Welcoming LiveStories to the Founders’ Co-op family

Data-based decision-making is the norm in business — huge companies (e.g., Oracle, Salesforce, Tableau) have been built around the market for managing, measuring and visualizing the data flows in large enterprises. But even mature companies struggle to find enough humans — a.k.a. “Data Scientists” — with the skills to manage these tools and interpret and analyze the answers buried within.

Other major sectors of the economy — including Government, Healthcare and Non-Profit organizations — have been slower to embrace the discipline of data-based management. But the tide of Big Data is now washing over those industries as well, with forcing functions like OpenData.gov, the Affordable Care Act and major non-profit funders like the Bill & Melinda Gates Foundation demanding greater accountability and transparency in the management of non-market sectors.

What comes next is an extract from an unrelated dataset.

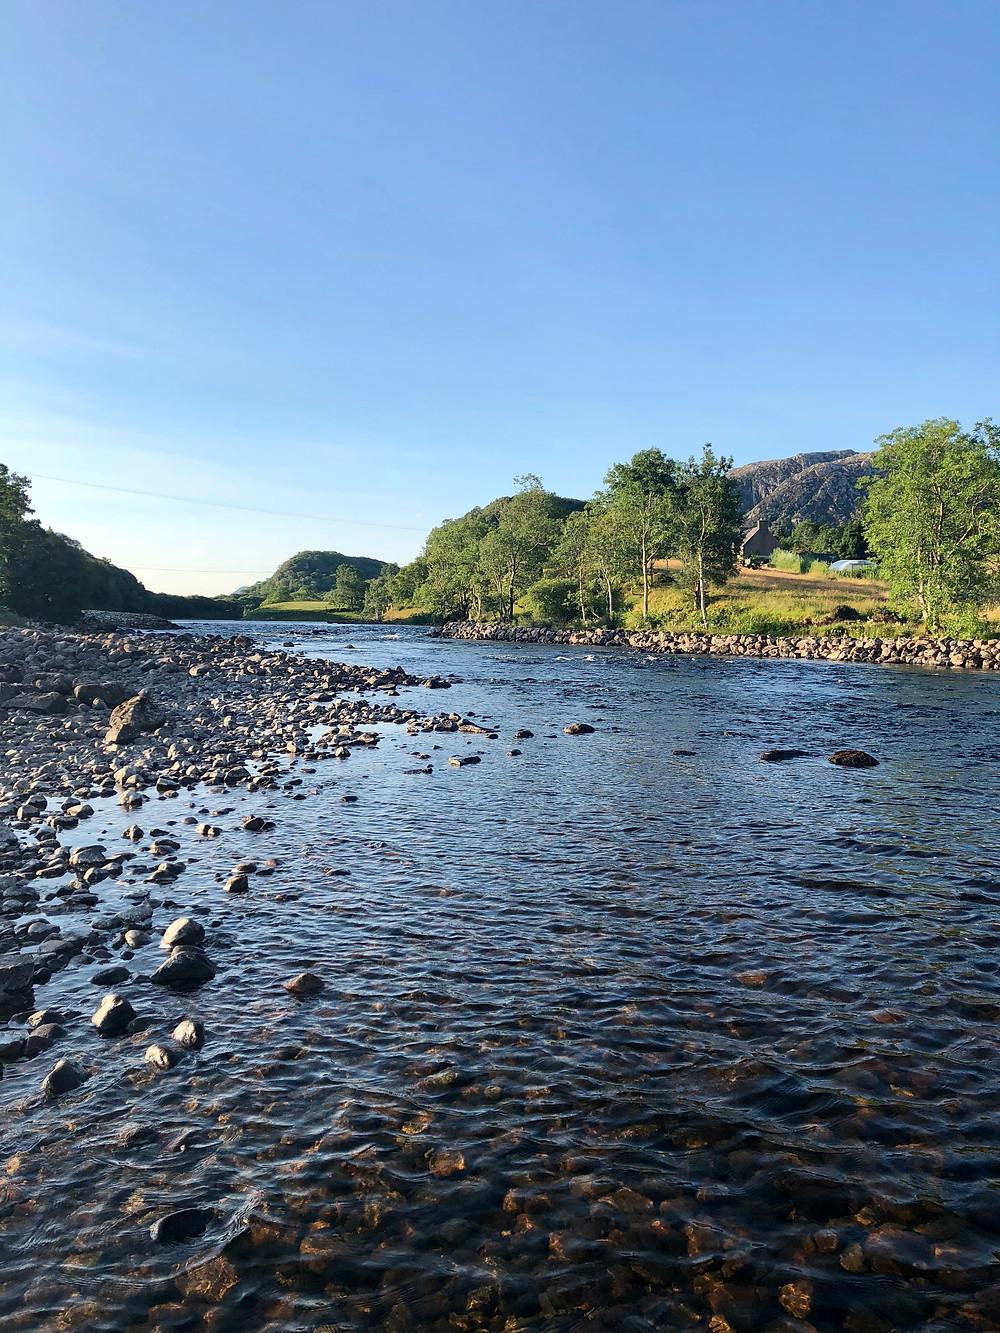 The Tee Pool on the River Ewe
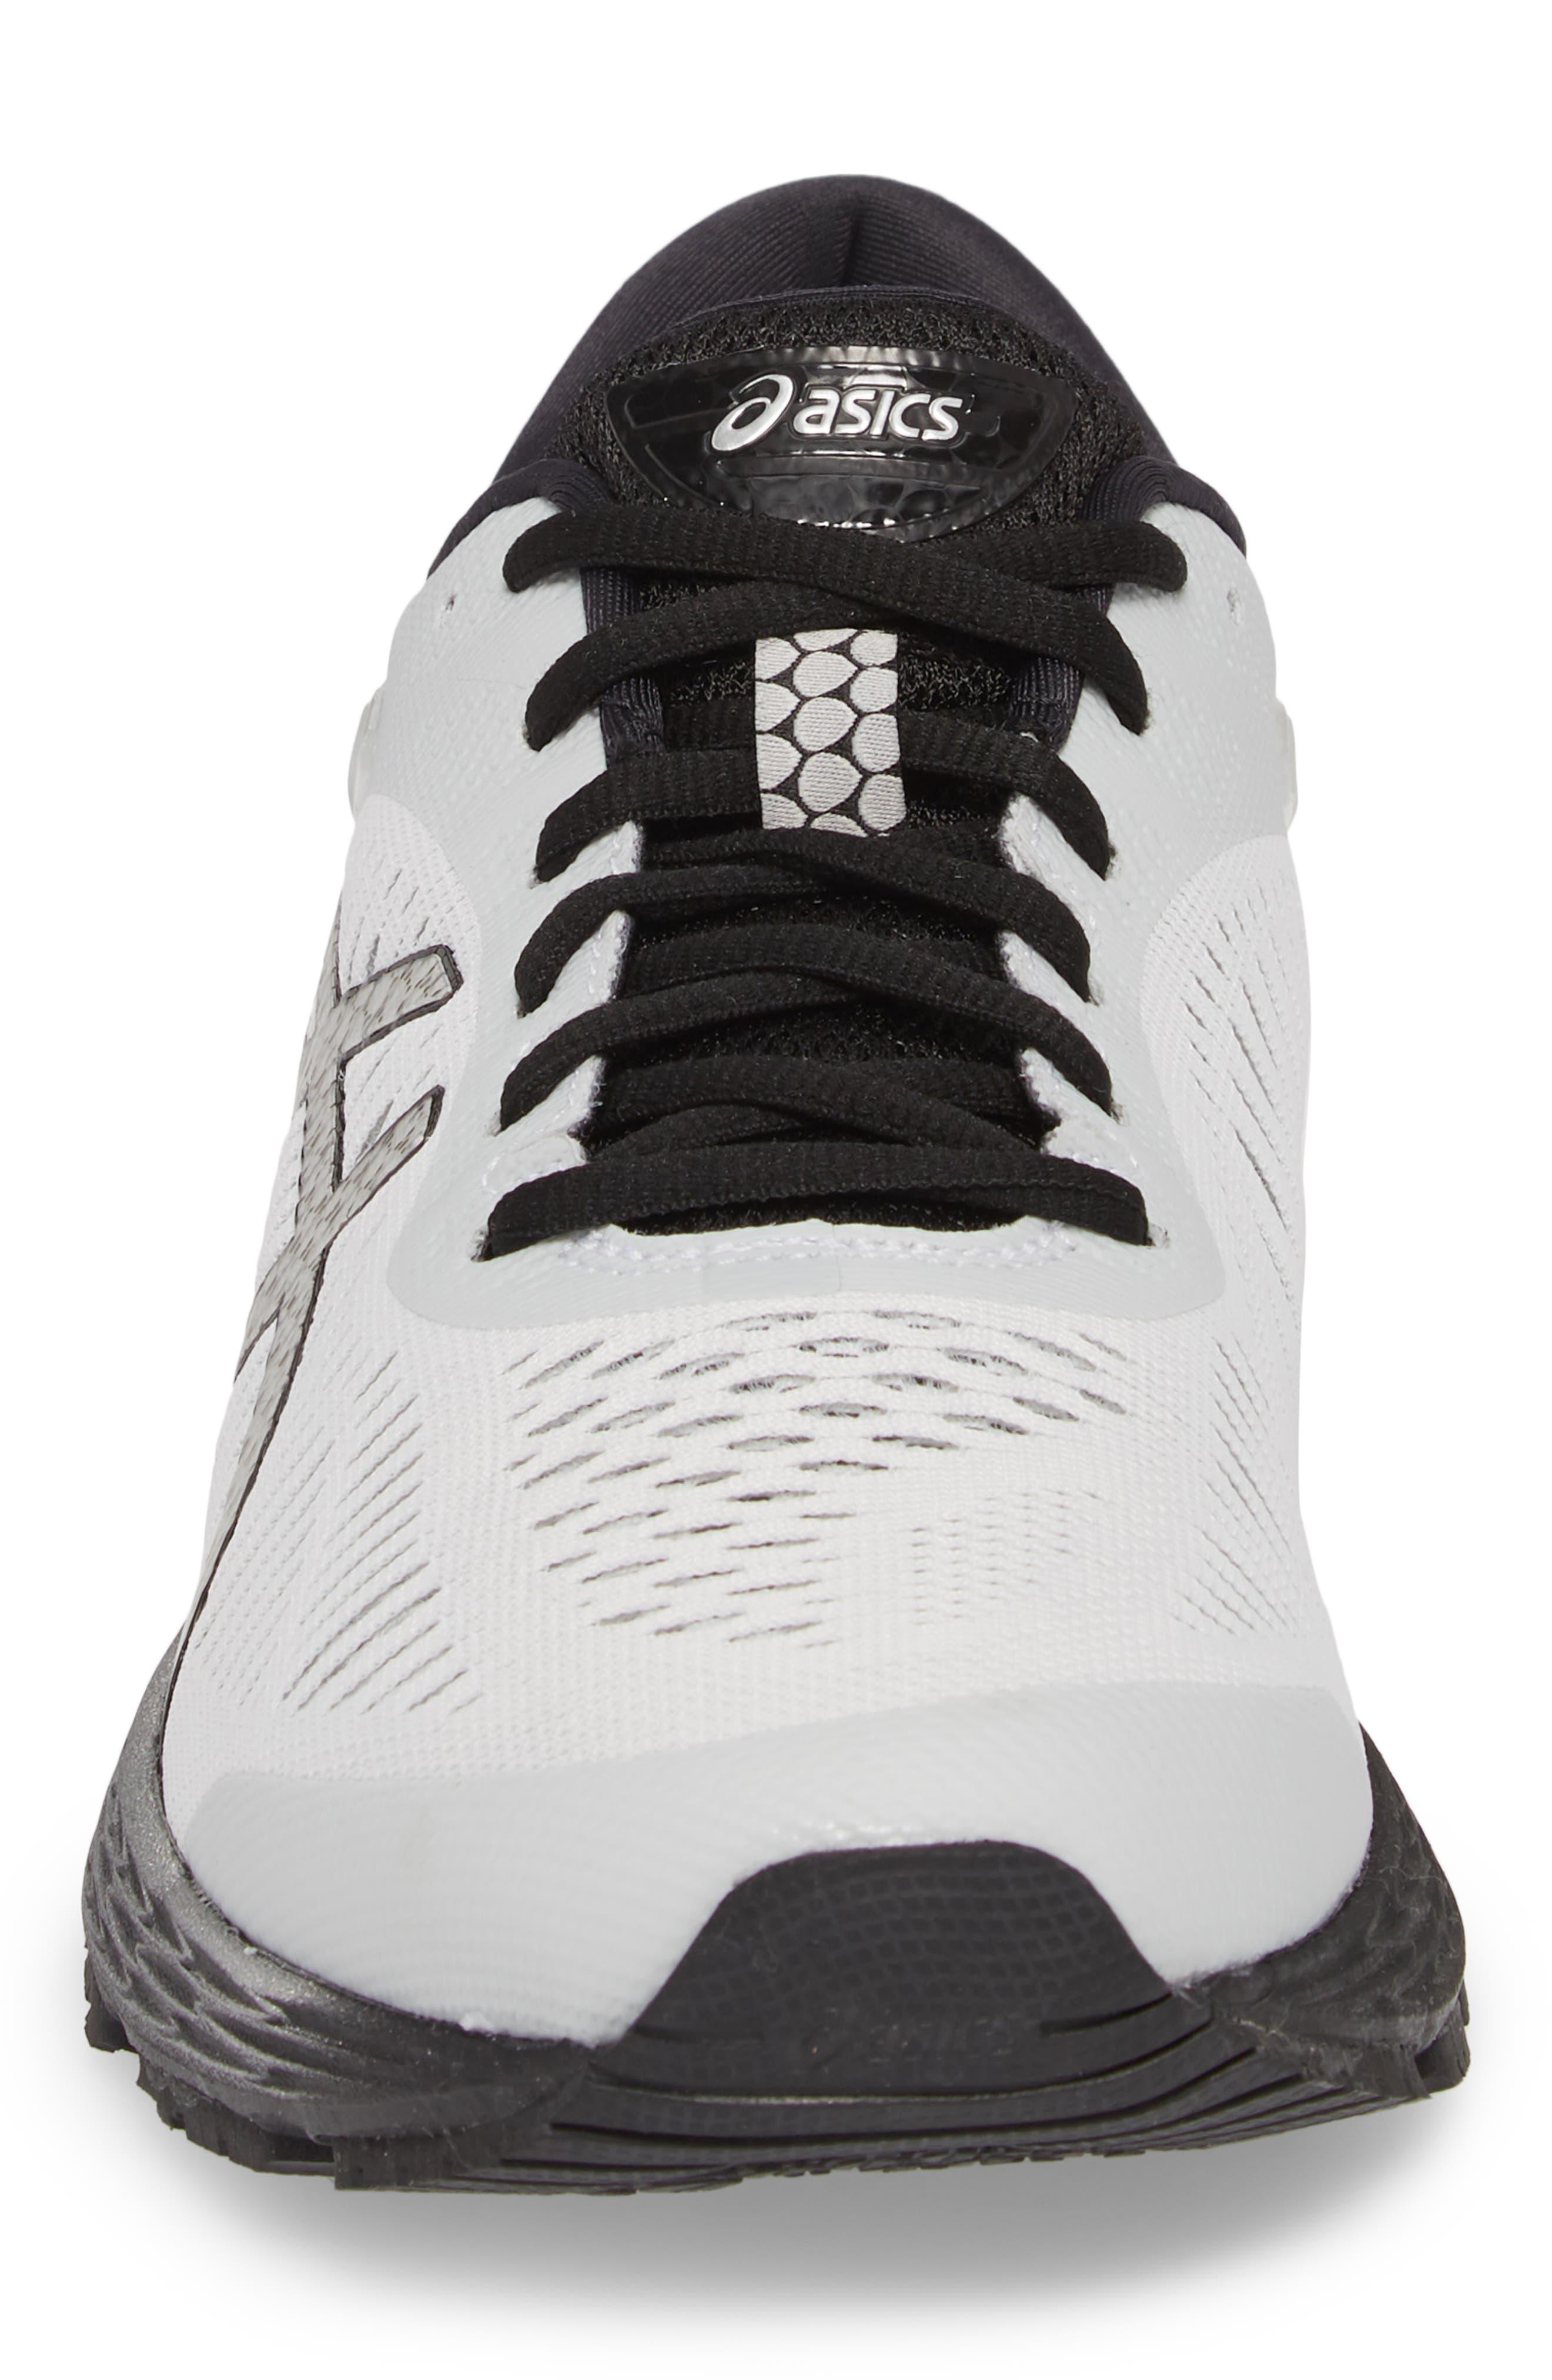 GEL-Kayano<sup>®</sup> 25 Running Shoe,                             Alternate thumbnail 4, color,                             GLACIER GREY/ BLACK

And if the human capital scarcity for data scientists and quantitative analysts is acute in business, it’s more like a gaping void in those sectors: non-market organizations struggle to compete with the for-profit market for these roles, and their weaker cultural legacy of quantitative management often means these organizations lack even a basic competence in the required disciplines.

Our mission at Founders’ Co-op is explicitly capitalist, but when we met Adnan Mahmud and his team at LiveStories through Techstars Seattle, we learned from them about the very real market forces at work in these sectors on the topic of quantitative management. Their seed funding came from the Gates Foundation, so we knew that major non-profit funders believed in their approach. And when they started closing six-figure deals with national and state governments we knew they were on the right track in that sector as well.

LiveStories makes “data tools for non-data people” — automagically turning huge flat files (including Excel spreadsheets and database exports) into beautiful, customizable vizualizations, with built-in digital publishing tools that make it easy to share those data-based stories with internal and external audiences. The markets they’re designed to support — government, healthcare and non-profit — are huge and poorly-served by the existing set of business-focused solutions.

We’re excited to be a part of the LiveStories journey and look forward to working with Adnan and his team to bring the power of data-based storytelling to some of the biggest and most important sectors of the global economy.